**What the exercise asks**
If a line below contains the string "Banque", copy it out.

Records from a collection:
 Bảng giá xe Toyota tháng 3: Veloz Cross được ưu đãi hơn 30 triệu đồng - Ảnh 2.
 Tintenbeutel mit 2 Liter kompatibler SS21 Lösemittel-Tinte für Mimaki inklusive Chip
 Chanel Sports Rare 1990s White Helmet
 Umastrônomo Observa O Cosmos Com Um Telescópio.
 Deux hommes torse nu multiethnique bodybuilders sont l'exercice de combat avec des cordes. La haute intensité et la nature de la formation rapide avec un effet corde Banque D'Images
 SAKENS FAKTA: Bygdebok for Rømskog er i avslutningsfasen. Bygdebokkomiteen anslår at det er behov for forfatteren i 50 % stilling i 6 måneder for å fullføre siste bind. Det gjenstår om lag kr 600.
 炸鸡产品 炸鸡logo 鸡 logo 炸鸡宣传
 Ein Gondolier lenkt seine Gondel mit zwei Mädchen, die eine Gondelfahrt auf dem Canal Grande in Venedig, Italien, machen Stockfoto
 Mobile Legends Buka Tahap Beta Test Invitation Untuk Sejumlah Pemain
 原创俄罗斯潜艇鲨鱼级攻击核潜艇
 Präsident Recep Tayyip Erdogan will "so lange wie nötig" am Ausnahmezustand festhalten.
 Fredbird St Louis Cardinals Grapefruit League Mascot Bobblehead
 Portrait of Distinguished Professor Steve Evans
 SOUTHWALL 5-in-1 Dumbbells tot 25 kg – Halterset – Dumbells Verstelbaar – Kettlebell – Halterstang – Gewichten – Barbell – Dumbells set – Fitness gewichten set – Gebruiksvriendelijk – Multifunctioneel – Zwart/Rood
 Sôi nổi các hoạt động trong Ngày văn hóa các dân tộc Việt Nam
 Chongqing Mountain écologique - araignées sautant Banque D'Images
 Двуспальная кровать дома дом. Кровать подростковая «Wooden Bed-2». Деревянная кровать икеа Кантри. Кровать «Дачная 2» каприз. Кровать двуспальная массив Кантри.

**Answer box**
 Deux hommes torse nu multiethnique bodybuilders sont l'exercice de combat avec des cordes. La haute intensité et la nature de la formation rapide avec un effet corde Banque D'Images
 Chongqing Mountain écologique - araignées sautant Banque D'Images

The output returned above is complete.